Doesn’t that scan faster and take less brain-power to decipher?

(I’m ignoring the issue of whether we should be checking for STATUS_SUCCESS specifically here, I’m not trying to pick on the example)

I recently worked on the port of a Linux driver project, where everything in the original Linux code was a freakin’ macro… and macros within macros. It sure made the code attractive to look at, but it was a complete nightmare to understand what it was actually doing at a detail level.

Again, let me be quick to acknowledge that there are good engineers who think differently on this topic.

Peter

Even the code that Mr. Tippet previously showed […] makes me absolutely nuts.

I hate that particular style too. I had pulled some filthy tricks to squeeze the code into less vertical space, as I’m aware that my posts here already consume a lot of space. And as you know, newspapers charge by the column-centimeter or column-inch.

I’m ignoring the issue of whether we should be checking for STATUS_SUCCESS specifically here

I’ve gotten in that habit, actually. I’ve gradually come around to the conclusion that all the other “success” codes are weird special cases that should be immediately handled and not bubbled up through general code. E.g., what would it mean for a generic middleware routine to return STATUS_ALERTED or STATUS_TIMEOUT? In some of my code, I actually have an error-checking macro that expands out to an assertion that the status is either exactly STATUS_SUCCESS or NT_ERROR(x) != FALSE. I’d hate for a STATUS_PENDING to come flying out of some IRP handler and bubble up through layers that weren’t expecting to see it.

> > @“Peter_Viscarola_(OSR)” said: > If I inherit this code from you, it leaves me with questions: > > a) What status actually gets returned (we can assume it’s “status” but… do we know that for sure? > > b) What flag and level is associated with this particular log output? > You’re right off course. It should be clear from name and parameters what is logged where, and what the return value is. I composed that example in haste just to make the point, of how a more concise, declarative style could look like. On a side note, I really appreciate the the resulting discussion.

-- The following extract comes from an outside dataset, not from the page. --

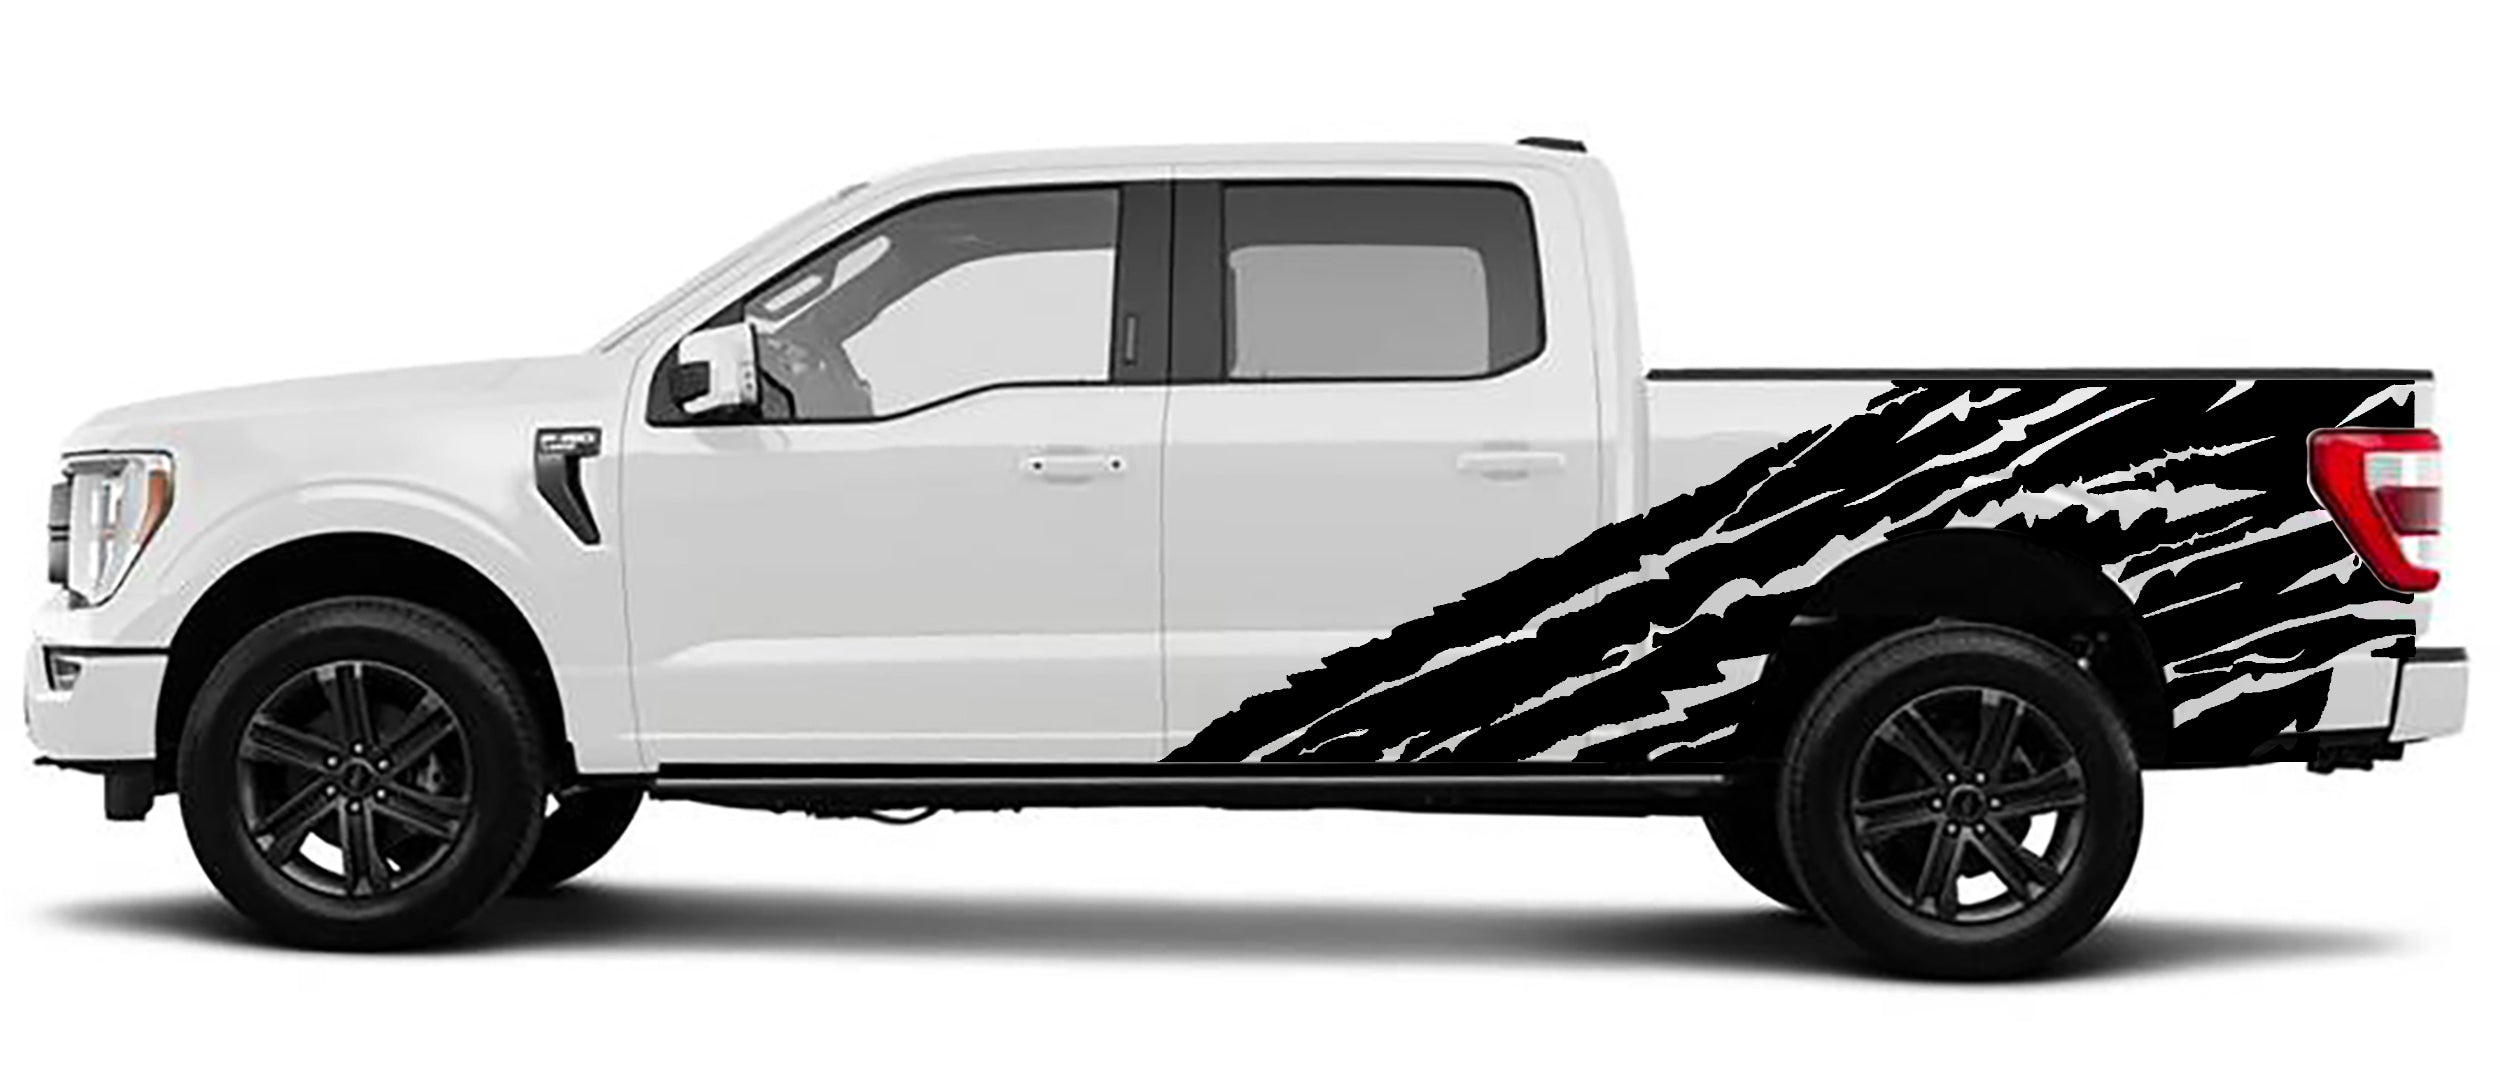 Ford F-150 Half Side Torn Side Decals (Pair) : Vinyl Graphics Kit Fits (2021-2023)

Peter_Viscarola_(OSR) wrote:

If I inherit this code from you, it leaves me with questions:

To be honest, I’m guessing that if almost ANY of us got hold of a bunch
of code from almost any of the others, we’d gasp in horror. And yet,
somehow, works gets done…

I have to think about what this code says. Why not just be explicit and clear

What about a compromise?

if ((Status = WdfObjectCreate(. . ., &Object)) != STATUS_SUCCESS) {
    goto Cleanup;
}

This is my way. I see the advantage of switching left and right sides of the condition but for me is negligible and the advantage of seeing real action at first prevails.

To be honest, I’m guessing that if almost ANY of us got hold of a bunch
of code from almost any of the others, we’d gasp in horror.

My experience is different. I have to work with a lot of others’ code and yet usually don’t gaps in horror. Sometimes I do but it is because the code is miserable. For example I don’t like standard MS WDK style but still can easily read it. Currently I’m working with RTOS sources which use own rather unusual style and still clean and readable. All what matters is consistency and if the developer was lazy or not. Using “clever” macros to make code shorter is a sign of laziness for me. TANSTAAFL, the price is code readability and it is the bad price. The code should be readable as a book, descriptive enough to read it without skipping back and forth trying to decode what macros really do. Such a code is longer and takes more time to write it but it pays off later many times.